Peer-reviewed research published in Aging and Disease validated that pharmacological inhibition of TNIK leads to senomorphic activity, resulting in clear reductions in indicators of extracellular matrix remodelling.
### Comprehensive Documentation of the Computational Pipeline
Rentosertib’s clinical journey demonstrates a documented and peer-reviewed data trail vital for substantiating AI capabilities within life sciences. Nature Biotechnology published a comprehensive overview of the entire discovery-to-clinic trajectory. This publication details the algorithmic prioritization of the TNIK target, the generative chemistry outcomes, preclinical efficacy data, and details on Phase I pharmacokinetics.
The Journal of Medicinal Chemistry published findings on structural biology validation, highlighting the discovery of novel TNIK inhibitor chemotypes and the supporting structural evidence via the TNIK kinase domain co-crystal structure. Nature Medicine presented data on Phase IIa safety and lung-function outcomes, confirming the computational predictions.
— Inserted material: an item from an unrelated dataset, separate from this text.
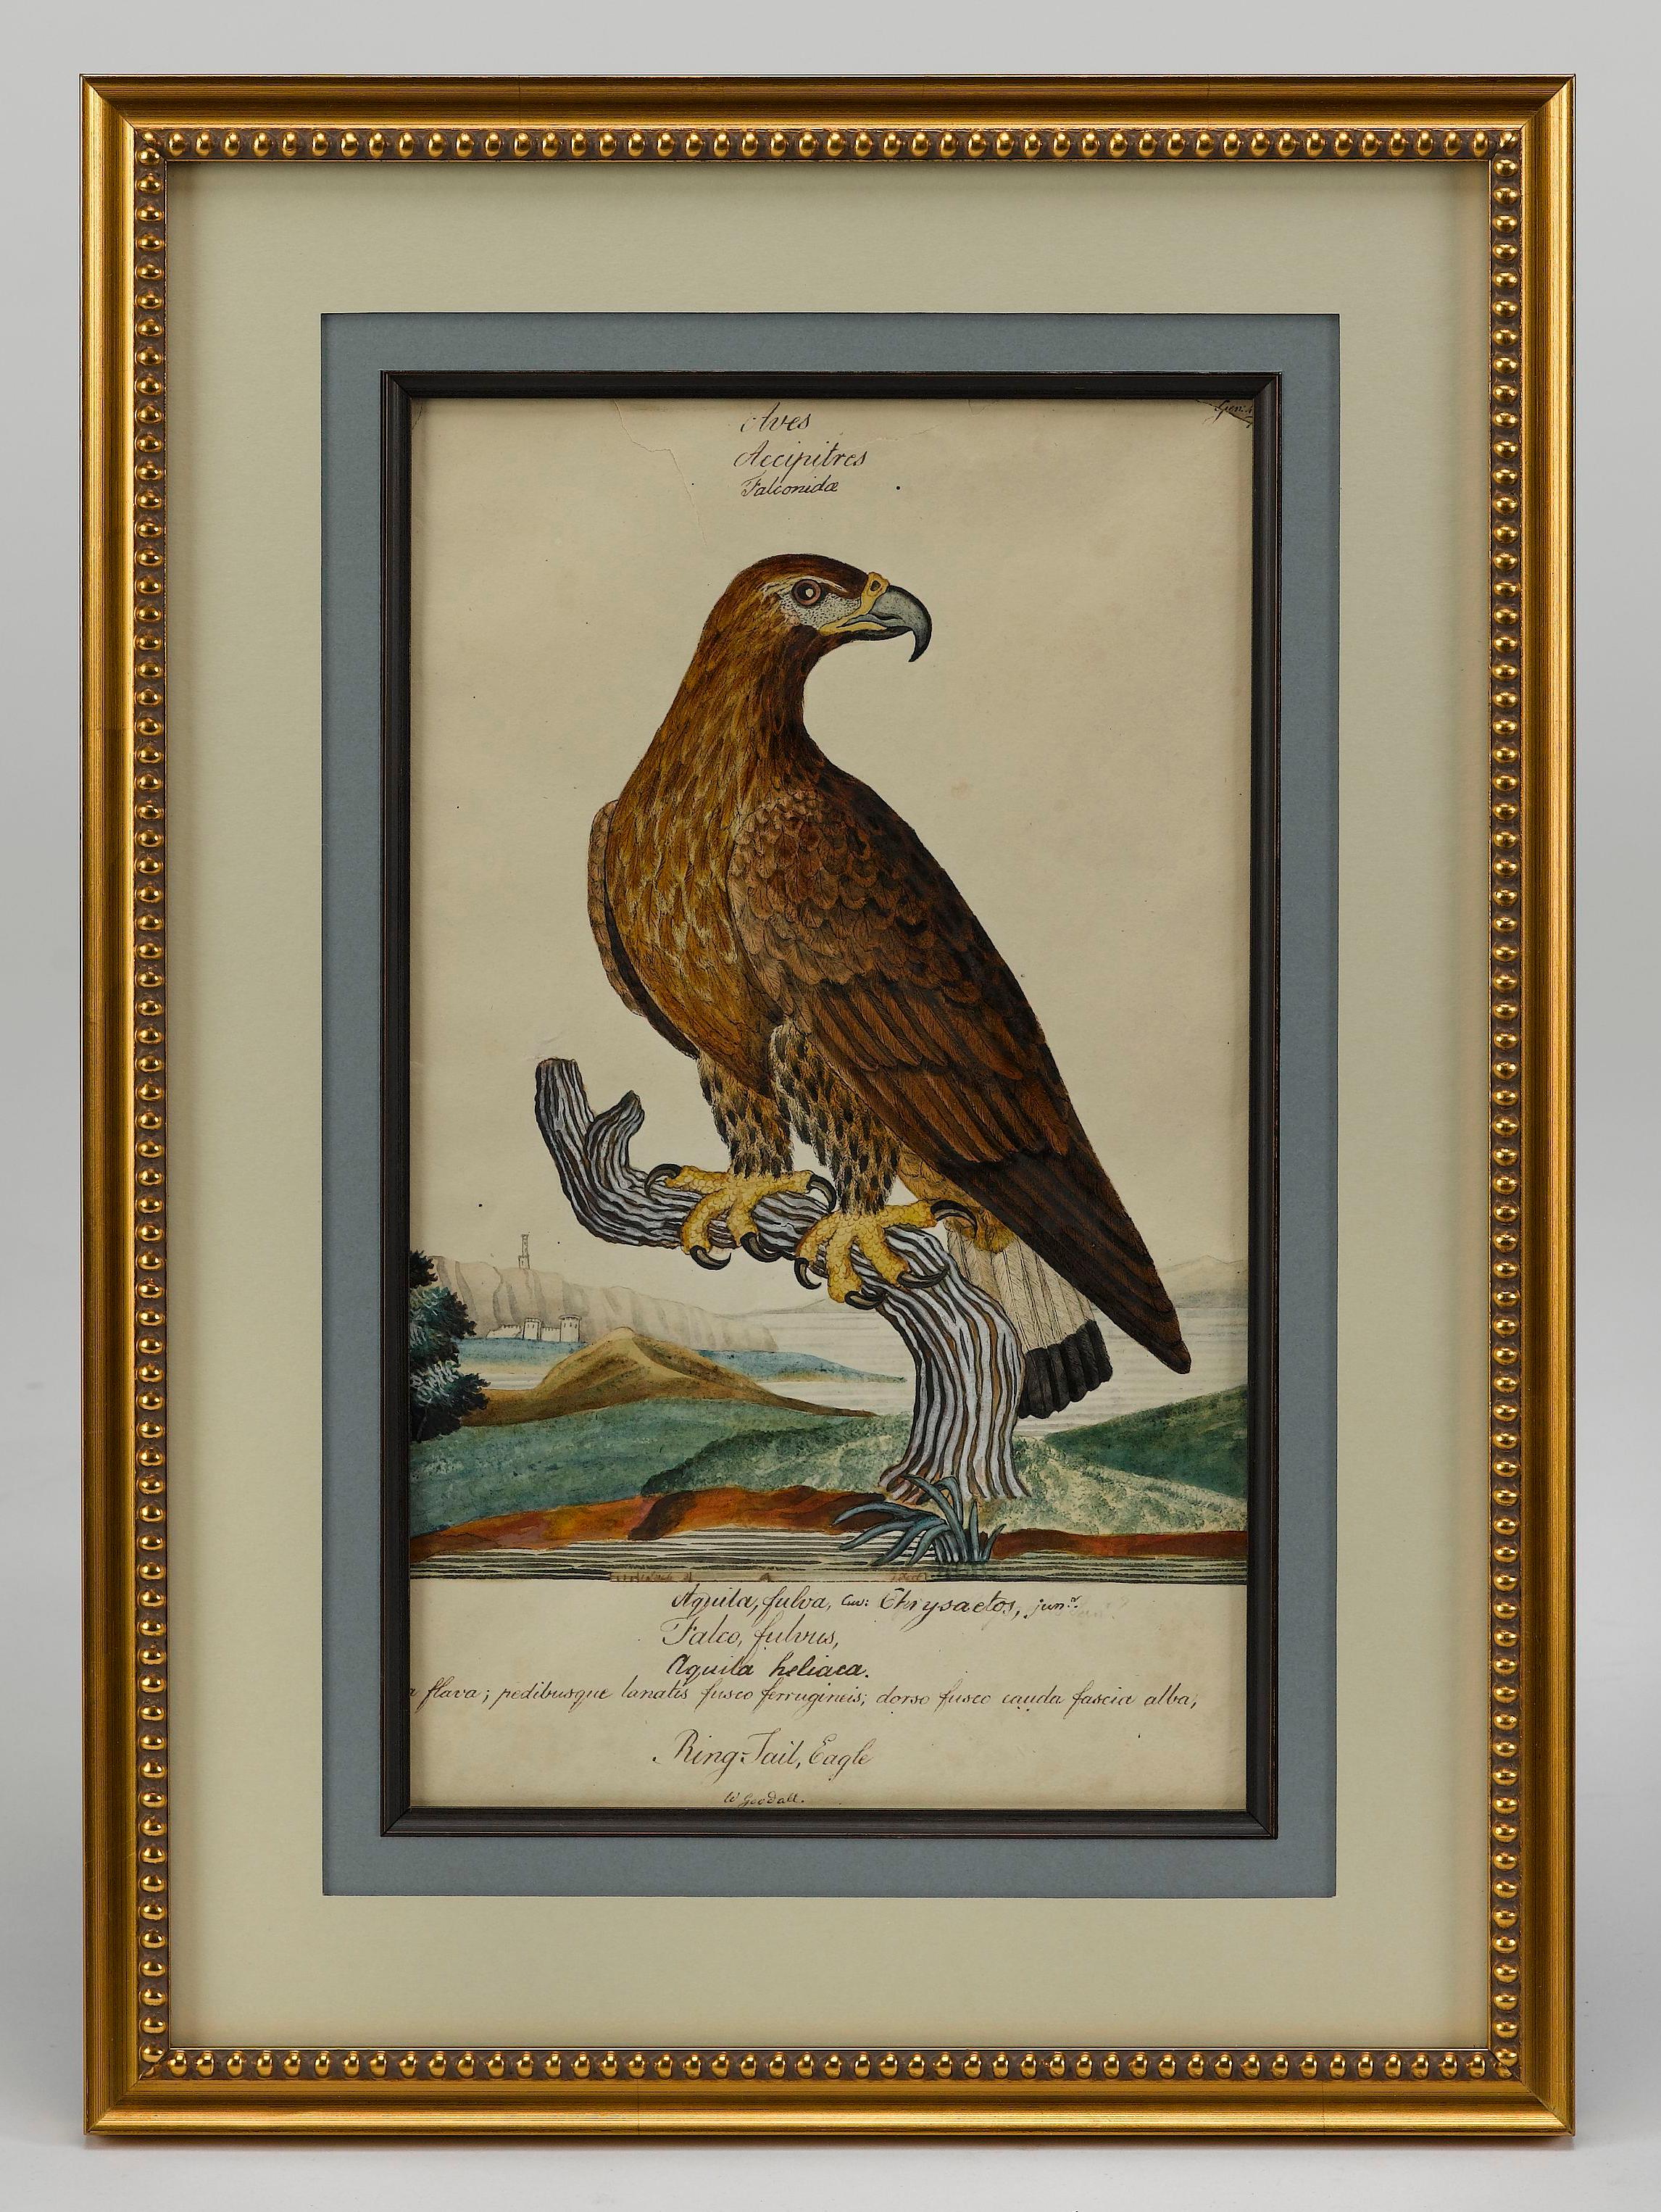 Presented is a stunning original painting of a Ring Tail Eagle by British natural history artist William Goodall. A beautiful and colorful combination of both watercolor and ink, this painting is rendered in a detailed, finished style. The eagle is
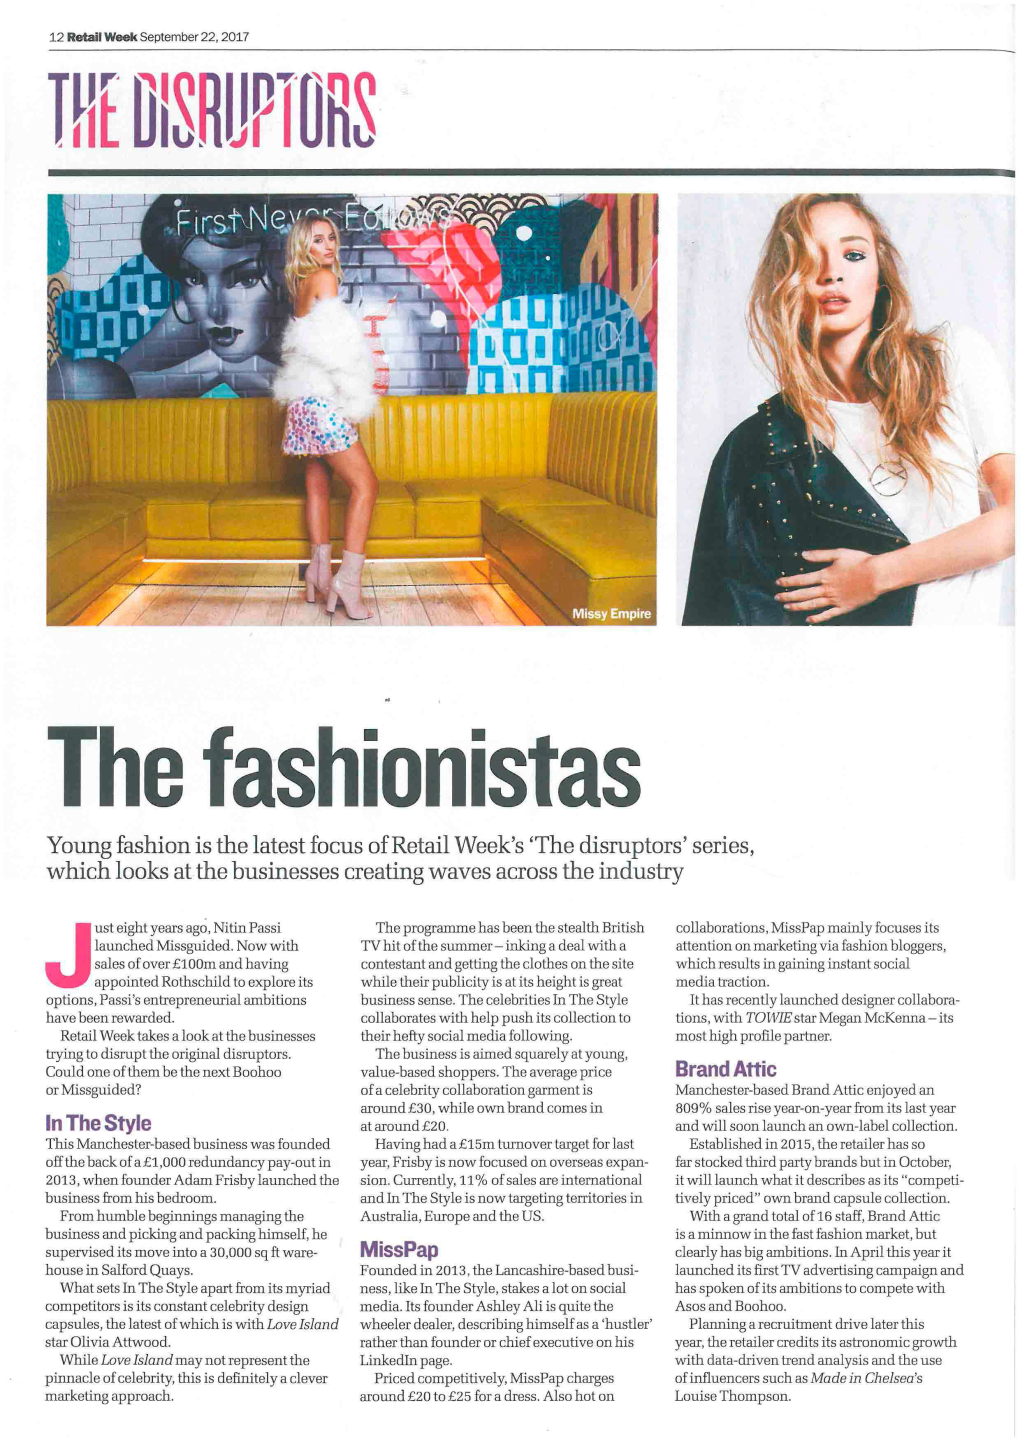 The Fashionistas Young Fashion Is the Latest Focus of Retail Week's the Disrupters' Series, Which Looks at the Businesses Creating Waves Across the Industry

Alex Zhavoronkov, PhD, Founder and CEO of Insilico Medicine, remarked: “Rentosertib is a defining program for Insilico because it represents the full arc of our mission: using AI not only to move faster, but to originate new biology, new chemistry, and new therapeutic opportunities.”
The advancement through Phase III trial underscores the necessity for verifiable data regarding human outcomes in the field of AI biopharma.